J’ai donc décidé que je raconterai plusieurs histoires, des histoires vécues (la mienne et celle de la petite Lorette décédée à 23 ans en 2021) mais aussi des fictions illustrant d’autres aspects de cette thématique tabou de l’inceste : le déni, l’amnésie traumatique, … la reproduction des agressions. Ces récits sont rythmés par la chanson de Pierre Perret, MON P’TIT LOUP qui vient comme une consolation entre chaque histoire. Une chanson qui m’a sauvé.
Pierre a été touché par mes récits. Il m’a écrit une merveilleuse préface que j’ai reçue à la veille de Noël… Une fête pourtant rendue définitivement sinistre par mon agresseur l’année de mes cinq ans.
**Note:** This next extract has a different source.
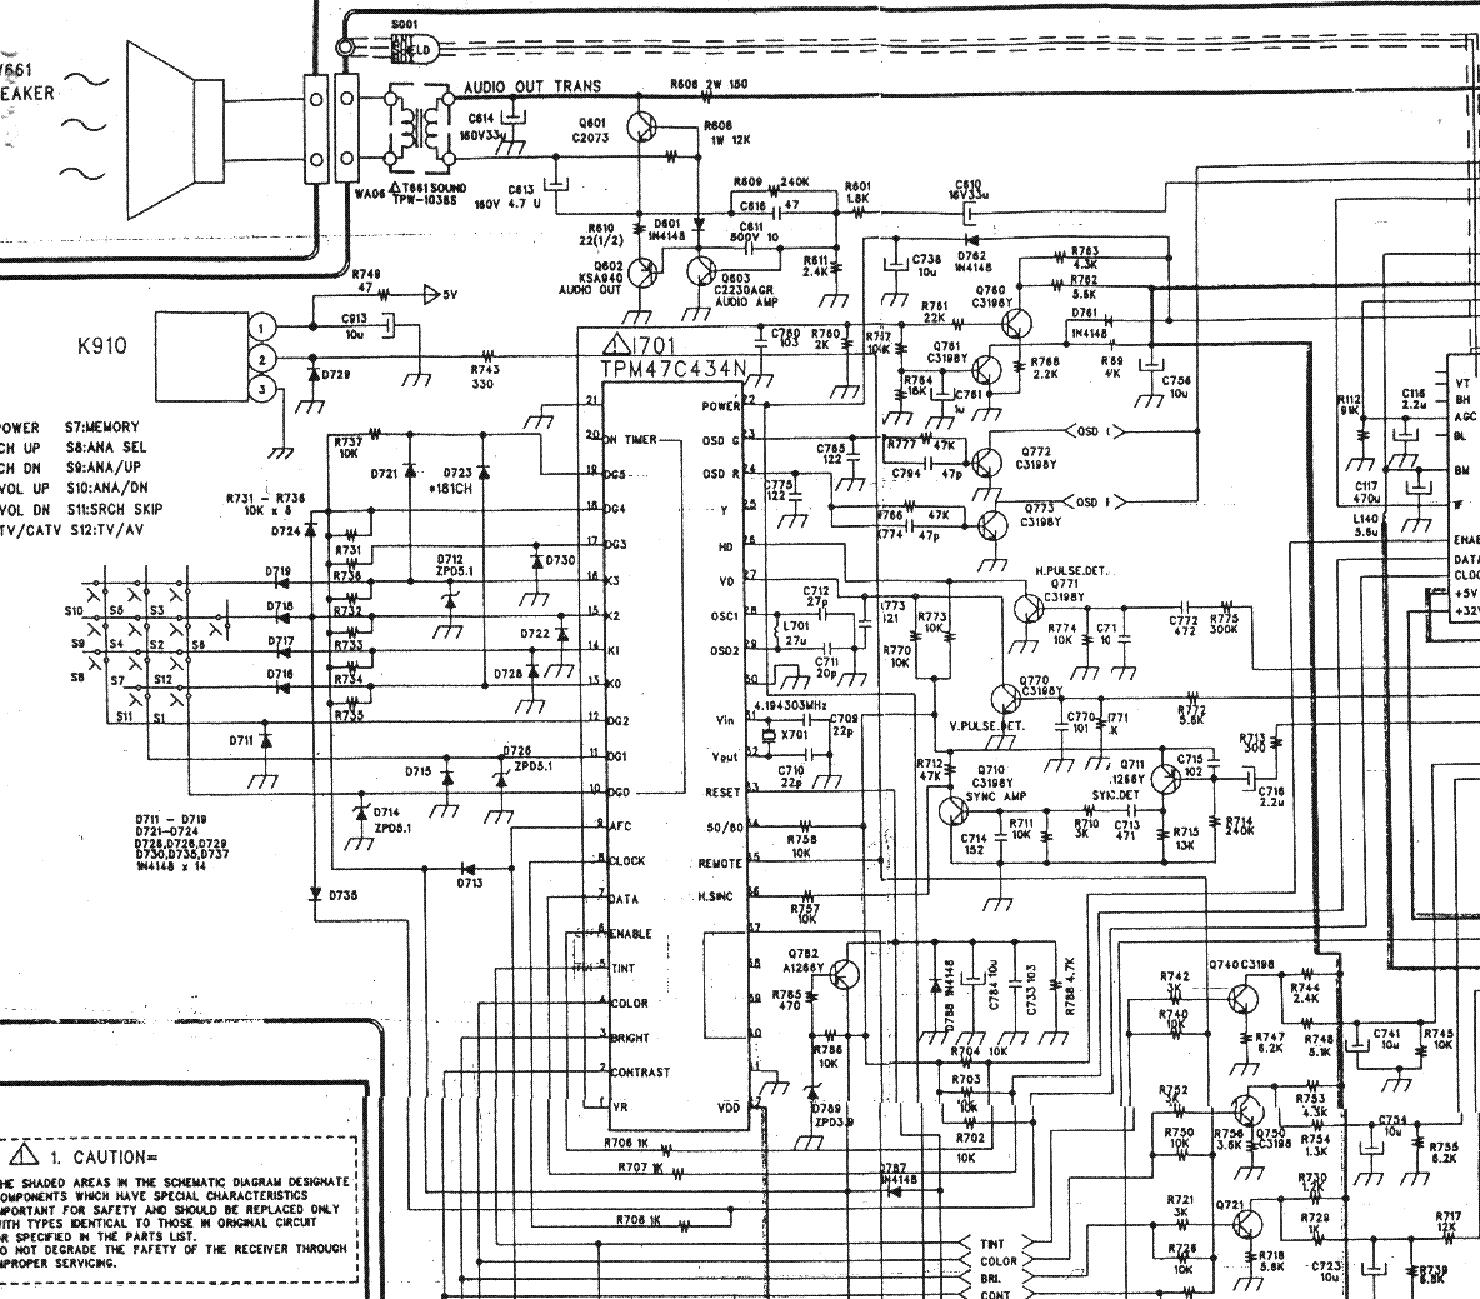 daewoo cn52n service manual download  schematics  eeprom

Ainsi, ce livre est « en musique », et le lecteur retrouve, sous forme de QR Codes, en fin d’ouvrage l’ensemble des chansons qui accompagnent mes personnages dans les récits.
Voici le message que j’ai rédigé en guise d’épilogue et remerciements…
Je souffle.
Quatre mois intenses me séparent de la page blanche. Quatre mois durant lesquels la vie ne s’est pas arrêtée. Bien au contraire. Le travail, les déplacements, la famille, les amis, les événements musicaux et la lecture ont continué à jalonner mon quotidien. C’est entre La Réunion, Mayotte, l’île Maurice, la Bretagne, les Pyrénées et même Barcelone que j’ai pu écrire mon histoire, celle de Lorette et en imaginer d’autres pour exorciser toutes les réflexions que suscite en moi le thème de l’enfance abusée. Les heures d’avion et les temps d’agréable solitude à l’hôtel ont également été précieux pour mener à bien cet exercice initié dans un but thérapeutique. J’ai écrit partout, de jour comme de nuit. J’ai découvert avec un incroyable plaisir le carnet et le crayon dont on ne se sépare plus, ceux qui permettent de figer les idées qui d’habitude s’envolent aussi vite qu’elles naissent dans votre esprit.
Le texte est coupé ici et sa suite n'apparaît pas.